▶ _What you will do_: Would you please copy only the lines from the line that contains "Arbre de Vie Celtique coloring page" to the end of the data below, exactly, leaving every picture out?

▶ _Data section_:
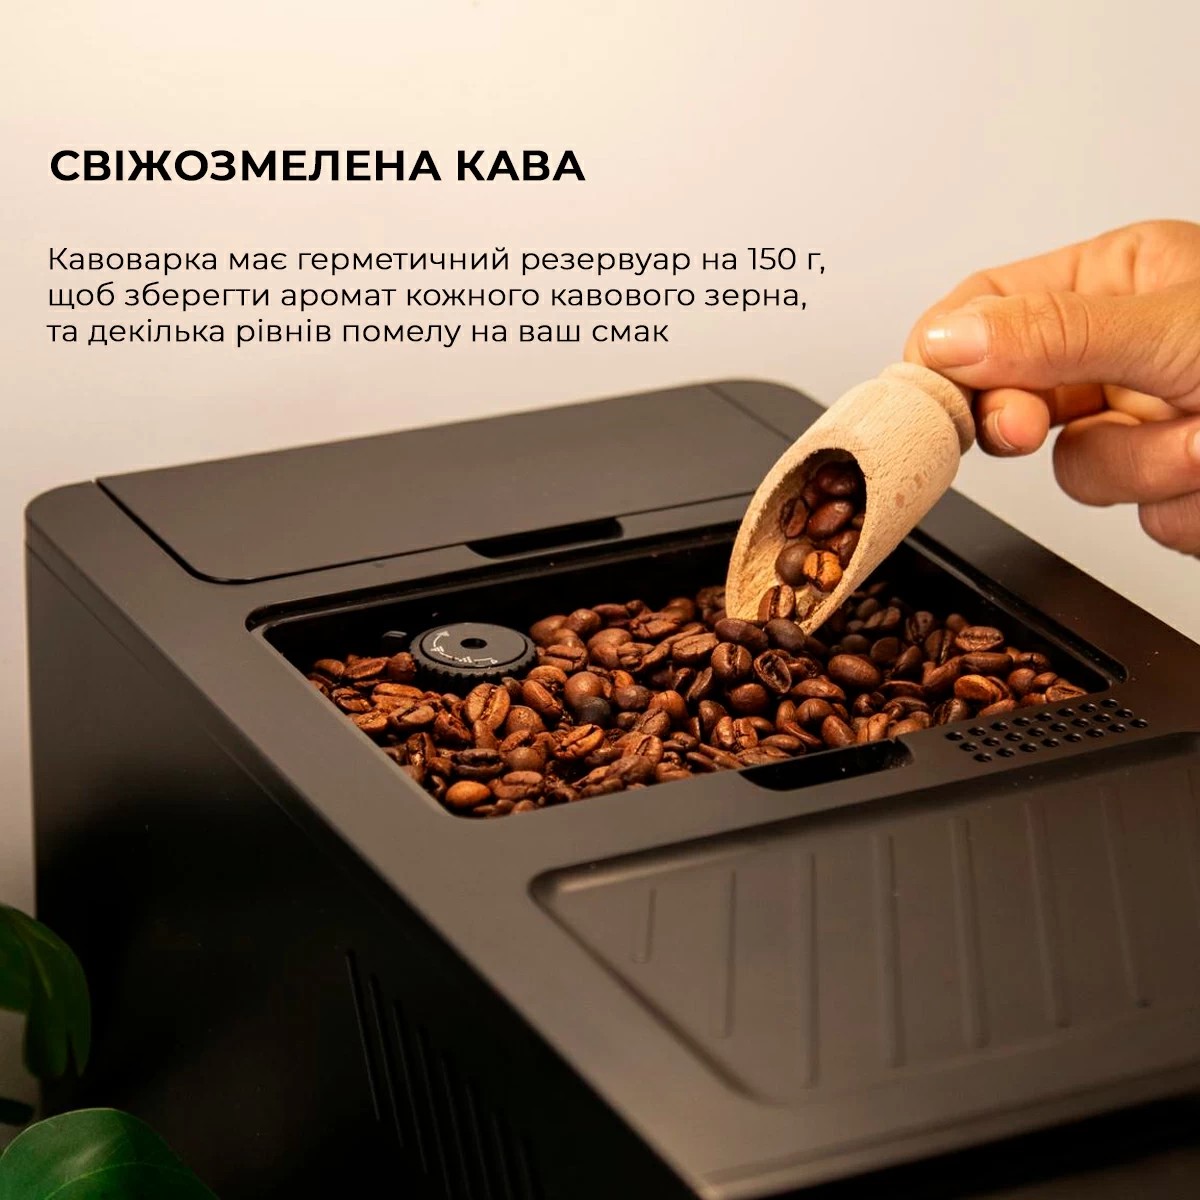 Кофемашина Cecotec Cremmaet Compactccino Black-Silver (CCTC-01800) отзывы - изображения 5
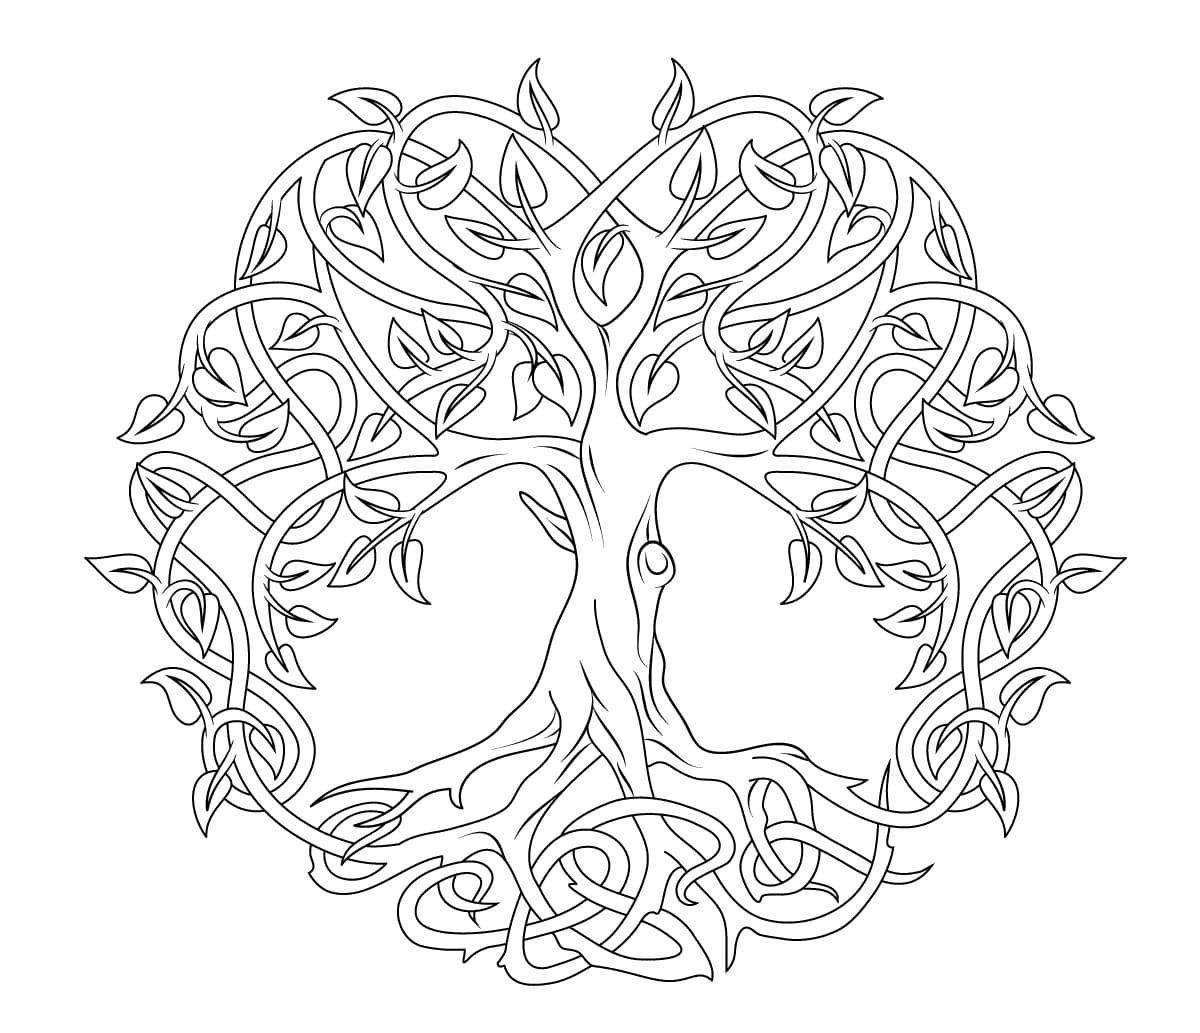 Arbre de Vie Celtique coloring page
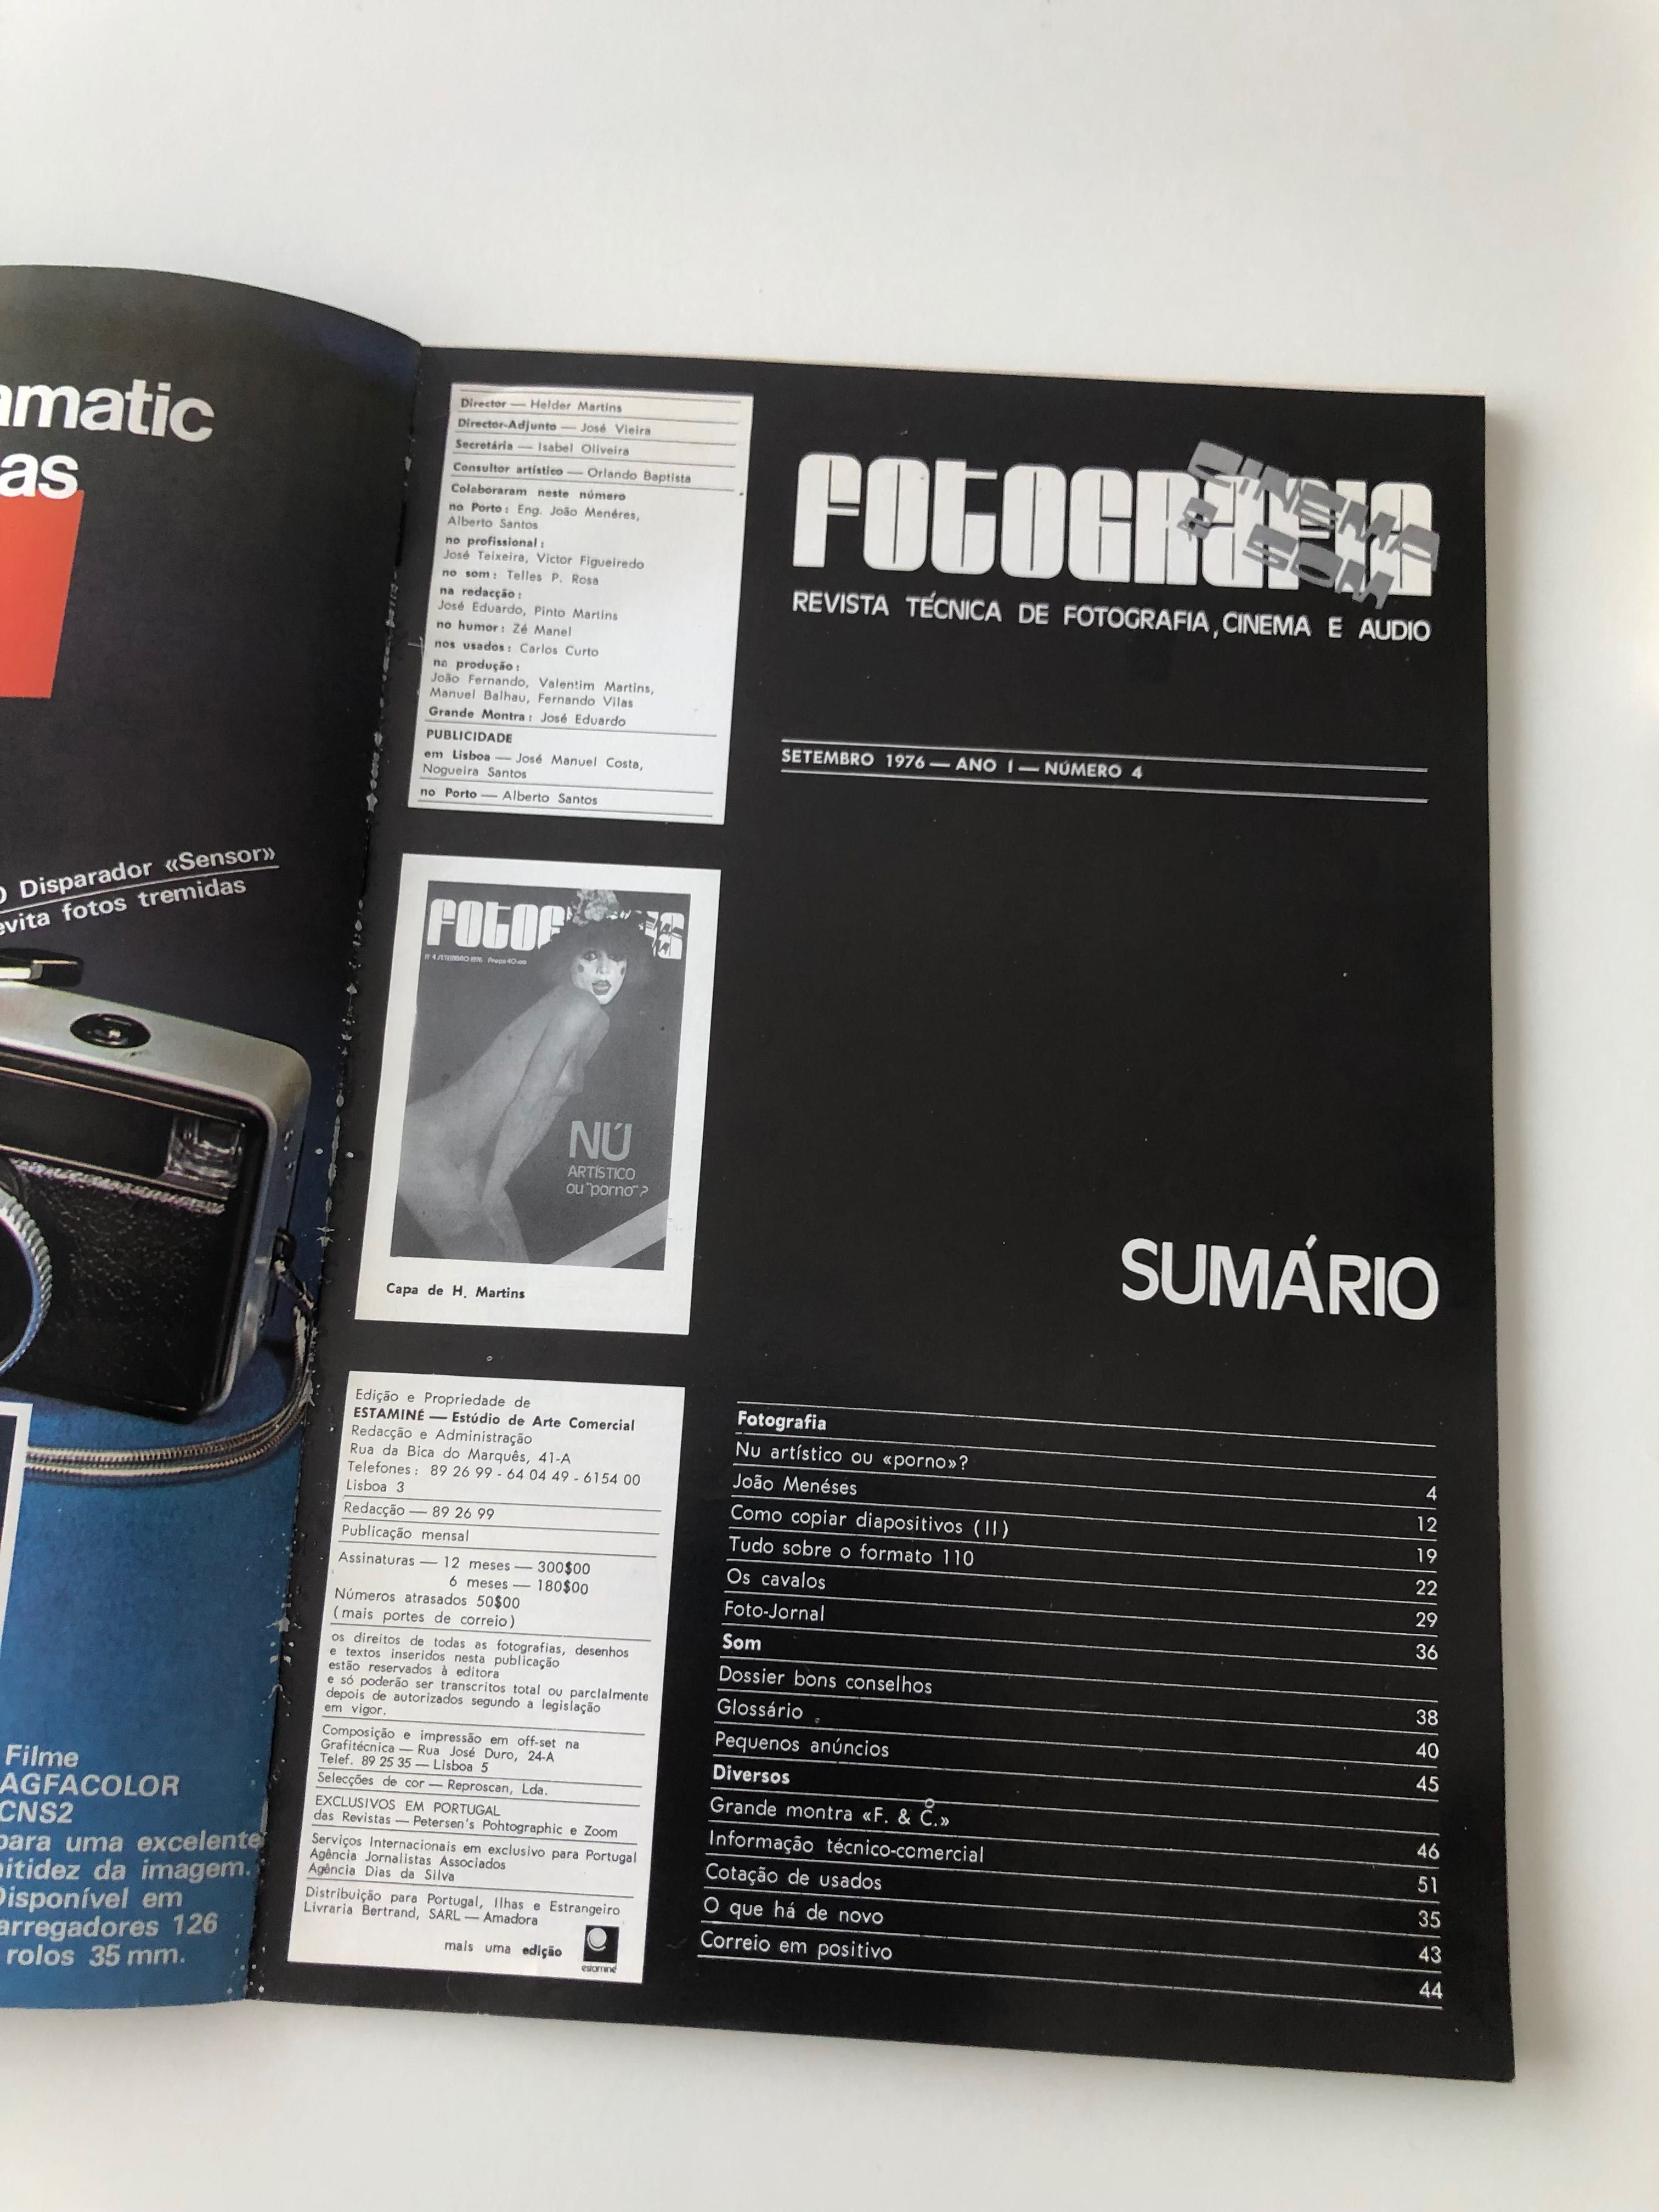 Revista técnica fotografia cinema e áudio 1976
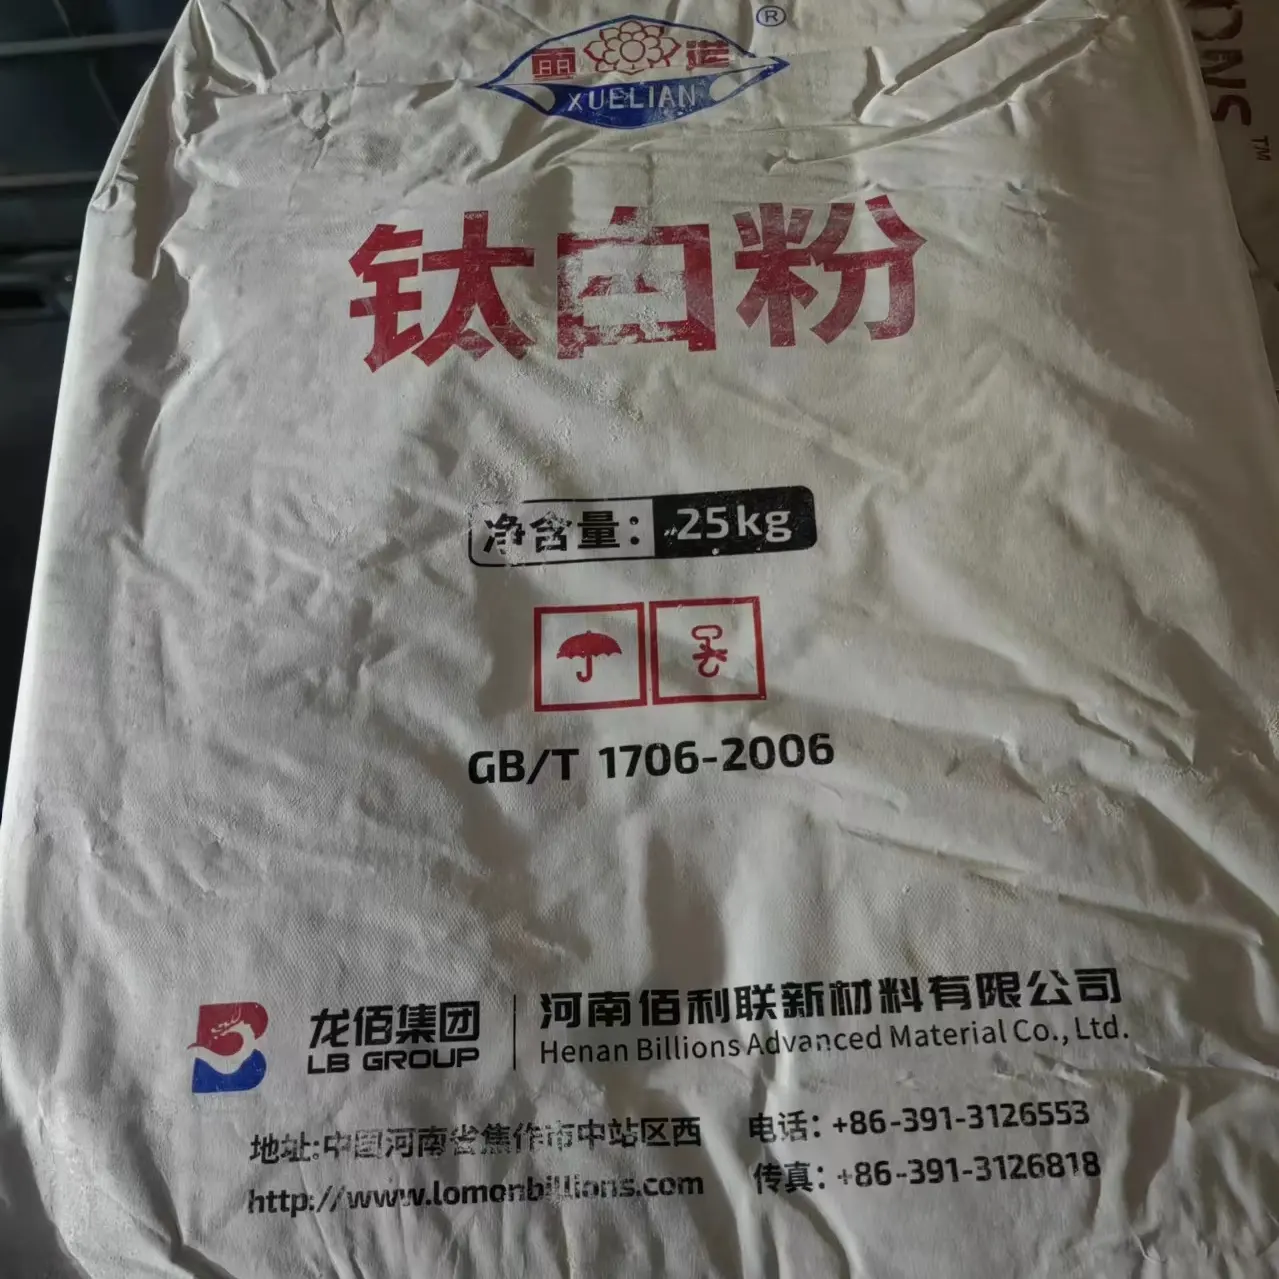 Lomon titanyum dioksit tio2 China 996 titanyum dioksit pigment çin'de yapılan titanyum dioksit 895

▶ _Answer to the exercise_:
 Arbre de Vie Celtique coloring page
 Revista técnica fotografia cinema e áudio 1976
 Lomon titanyum dioksit tio2 China 996 titanyum dioksit pigment çin'de yapılan titanyum dioksit 895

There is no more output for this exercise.